Try it >> Every line below from the one containing "Agat necklace K10 (YGPG) 2.2g" through the one containing "Escitalopram HEXAL® 20 mg Filmtabletten" must be transcribed exactly. Omit all lines outside that stretch.

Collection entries
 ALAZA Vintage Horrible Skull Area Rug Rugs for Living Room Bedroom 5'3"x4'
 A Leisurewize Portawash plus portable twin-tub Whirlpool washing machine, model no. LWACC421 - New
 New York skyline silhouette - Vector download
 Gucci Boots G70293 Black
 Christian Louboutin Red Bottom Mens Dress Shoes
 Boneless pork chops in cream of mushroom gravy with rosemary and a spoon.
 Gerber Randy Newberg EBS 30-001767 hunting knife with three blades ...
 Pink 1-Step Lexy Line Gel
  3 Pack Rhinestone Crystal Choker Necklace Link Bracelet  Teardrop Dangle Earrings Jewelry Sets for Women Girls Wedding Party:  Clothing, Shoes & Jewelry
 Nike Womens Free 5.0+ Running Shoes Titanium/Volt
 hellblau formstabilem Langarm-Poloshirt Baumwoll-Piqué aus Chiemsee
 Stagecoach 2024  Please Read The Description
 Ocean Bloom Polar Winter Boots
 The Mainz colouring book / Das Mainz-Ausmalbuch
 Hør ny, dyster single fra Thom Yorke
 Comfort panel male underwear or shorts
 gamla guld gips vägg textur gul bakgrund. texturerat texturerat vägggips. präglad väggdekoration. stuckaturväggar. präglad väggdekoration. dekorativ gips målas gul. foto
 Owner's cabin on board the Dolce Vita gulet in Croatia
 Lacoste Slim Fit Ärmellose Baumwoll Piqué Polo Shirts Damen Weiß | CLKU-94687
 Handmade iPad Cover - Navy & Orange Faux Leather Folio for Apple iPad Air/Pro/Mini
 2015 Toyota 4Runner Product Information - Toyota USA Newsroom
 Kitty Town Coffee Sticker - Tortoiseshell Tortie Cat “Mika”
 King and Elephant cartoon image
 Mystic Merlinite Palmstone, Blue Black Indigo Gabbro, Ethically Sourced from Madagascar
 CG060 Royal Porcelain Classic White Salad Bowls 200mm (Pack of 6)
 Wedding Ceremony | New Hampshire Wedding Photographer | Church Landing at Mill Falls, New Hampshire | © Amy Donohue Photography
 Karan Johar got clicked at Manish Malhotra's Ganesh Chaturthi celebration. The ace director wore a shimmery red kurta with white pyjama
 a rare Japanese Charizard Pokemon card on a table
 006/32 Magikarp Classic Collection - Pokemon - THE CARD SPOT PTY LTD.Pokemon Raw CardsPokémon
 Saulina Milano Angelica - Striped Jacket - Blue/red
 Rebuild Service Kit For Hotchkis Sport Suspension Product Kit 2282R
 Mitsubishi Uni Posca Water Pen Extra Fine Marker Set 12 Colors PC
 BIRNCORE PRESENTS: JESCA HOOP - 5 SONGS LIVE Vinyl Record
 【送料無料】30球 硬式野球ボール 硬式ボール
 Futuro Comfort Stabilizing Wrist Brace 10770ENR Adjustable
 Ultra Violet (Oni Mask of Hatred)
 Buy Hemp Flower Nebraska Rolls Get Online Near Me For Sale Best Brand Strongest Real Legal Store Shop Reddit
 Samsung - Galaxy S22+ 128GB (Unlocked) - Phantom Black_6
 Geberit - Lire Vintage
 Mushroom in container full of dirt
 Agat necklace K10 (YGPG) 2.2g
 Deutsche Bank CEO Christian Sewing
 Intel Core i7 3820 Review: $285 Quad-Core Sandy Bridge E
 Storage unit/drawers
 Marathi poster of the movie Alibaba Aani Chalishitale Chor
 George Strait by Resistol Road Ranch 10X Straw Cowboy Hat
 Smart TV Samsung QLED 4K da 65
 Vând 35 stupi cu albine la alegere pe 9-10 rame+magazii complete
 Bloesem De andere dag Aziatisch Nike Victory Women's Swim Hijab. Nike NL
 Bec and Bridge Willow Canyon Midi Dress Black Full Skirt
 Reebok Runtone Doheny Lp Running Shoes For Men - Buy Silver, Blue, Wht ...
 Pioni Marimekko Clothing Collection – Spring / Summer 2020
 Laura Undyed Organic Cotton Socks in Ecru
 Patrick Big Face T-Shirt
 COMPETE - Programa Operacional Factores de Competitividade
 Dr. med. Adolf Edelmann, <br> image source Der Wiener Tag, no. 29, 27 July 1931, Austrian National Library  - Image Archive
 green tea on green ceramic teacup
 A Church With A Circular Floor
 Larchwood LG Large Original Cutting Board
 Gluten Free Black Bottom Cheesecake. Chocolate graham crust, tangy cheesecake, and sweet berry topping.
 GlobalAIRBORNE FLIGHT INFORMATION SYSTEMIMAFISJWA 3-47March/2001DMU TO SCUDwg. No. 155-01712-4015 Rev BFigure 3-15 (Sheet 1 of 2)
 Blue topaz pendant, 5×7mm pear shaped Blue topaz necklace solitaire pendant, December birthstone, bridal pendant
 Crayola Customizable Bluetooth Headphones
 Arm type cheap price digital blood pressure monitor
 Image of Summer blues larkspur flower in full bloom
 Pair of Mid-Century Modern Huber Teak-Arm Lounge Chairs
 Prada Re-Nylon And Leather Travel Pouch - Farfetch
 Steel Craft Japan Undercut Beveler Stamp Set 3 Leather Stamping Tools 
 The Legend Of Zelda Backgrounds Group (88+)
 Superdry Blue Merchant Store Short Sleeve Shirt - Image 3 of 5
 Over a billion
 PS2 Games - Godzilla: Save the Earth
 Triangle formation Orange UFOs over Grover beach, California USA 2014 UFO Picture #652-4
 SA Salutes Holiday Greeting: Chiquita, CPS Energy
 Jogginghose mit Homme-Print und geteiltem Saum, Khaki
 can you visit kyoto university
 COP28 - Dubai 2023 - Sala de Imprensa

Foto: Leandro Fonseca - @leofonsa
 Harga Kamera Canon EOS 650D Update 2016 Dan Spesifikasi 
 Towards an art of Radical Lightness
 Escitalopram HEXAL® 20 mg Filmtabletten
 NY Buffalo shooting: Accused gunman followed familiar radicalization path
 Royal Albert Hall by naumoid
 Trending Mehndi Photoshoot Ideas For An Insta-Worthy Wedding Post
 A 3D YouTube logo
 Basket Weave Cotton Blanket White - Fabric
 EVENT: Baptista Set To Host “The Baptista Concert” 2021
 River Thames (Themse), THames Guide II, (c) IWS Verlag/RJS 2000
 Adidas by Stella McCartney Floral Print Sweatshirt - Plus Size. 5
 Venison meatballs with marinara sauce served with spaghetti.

Response box >>
 Agat necklace K10 (YGPG) 2.2g
 Deutsche Bank CEO Christian Sewing
 Intel Core i7 3820 Review: $285 Quad-Core Sandy Bridge E
 Storage unit/drawers
 Marathi poster of the movie Alibaba Aani Chalishitale Chor
 George Strait by Resistol Road Ranch 10X Straw Cowboy Hat
 Smart TV Samsung QLED 4K da 65
 Vând 35 stupi cu albine la alegere pe 9-10 rame+magazii complete
 Bloesem De andere dag Aziatisch Nike Victory Women's Swim Hijab. Nike NL
 Bec and Bridge Willow Canyon Midi Dress Black Full Skirt
 Reebok Runtone Doheny Lp Running Shoes For Men - Buy Silver, Blue, Wht ...
 Pioni Marimekko Clothing Collection – Spring / Summer 2020
 Laura Undyed Organic Cotton Socks in Ecru
 Patrick Big Face T-Shirt
 COMPETE - Programa Operacional Factores de Competitividade
 Dr. med. Adolf Edelmann, <br> image source Der Wiener Tag, no. 29, 27 July 1931, Austrian National Library  - Image Archive
 green tea on green ceramic teacup
 A Church With A Circular Floor
 Larchwood LG Large Original Cutting Board
 Gluten Free Black Bottom Cheesecake. Chocolate graham crust, tangy cheesecake, and sweet berry topping.
 GlobalAIRBORNE FLIGHT INFORMATION SYSTEMIMAFISJWA 3-47March/2001DMU TO SCUDwg. No. 155-01712-4015 Rev BFigure 3-15 (Sheet 1 of 2)
 Blue topaz pendant, 5×7mm pear shaped Blue topaz necklace solitaire pendant, December birthstone, bridal pendant
 Crayola Customizable Bluetooth Headphones
 Arm type cheap price digital blood pressure monitor
 Image of Summer blues larkspur flower in full bloom
 Pair of Mid-Century Modern Huber Teak-Arm Lounge Chairs
 Prada Re-Nylon And Leather Travel Pouch - Farfetch
 Steel Craft Japan Undercut Beveler Stamp Set 3 Leather Stamping Tools 
 The Legend Of Zelda Backgrounds Group (88+)
 Superdry Blue Merchant Store Short Sleeve Shirt - Image 3 of 5
 Over a billion
 PS2 Games - Godzilla: Save the Earth
 Triangle formation Orange UFOs over Grover beach, California USA 2014 UFO Picture #652-4
 SA Salutes Holiday Greeting: Chiquita, CPS Energy
 Jogginghose mit Homme-Print und geteiltem Saum, Khaki
 can you visit kyoto university
 COP28 - Dubai 2023 - Sala de Imprensa

Foto: Leandro Fonseca - @leofonsa
 Harga Kamera Canon EOS 650D Update 2016 Dan Spesifikasi 
 Towards an art of Radical Lightness
 Escitalopram HEXAL® 20 mg Filmtabletten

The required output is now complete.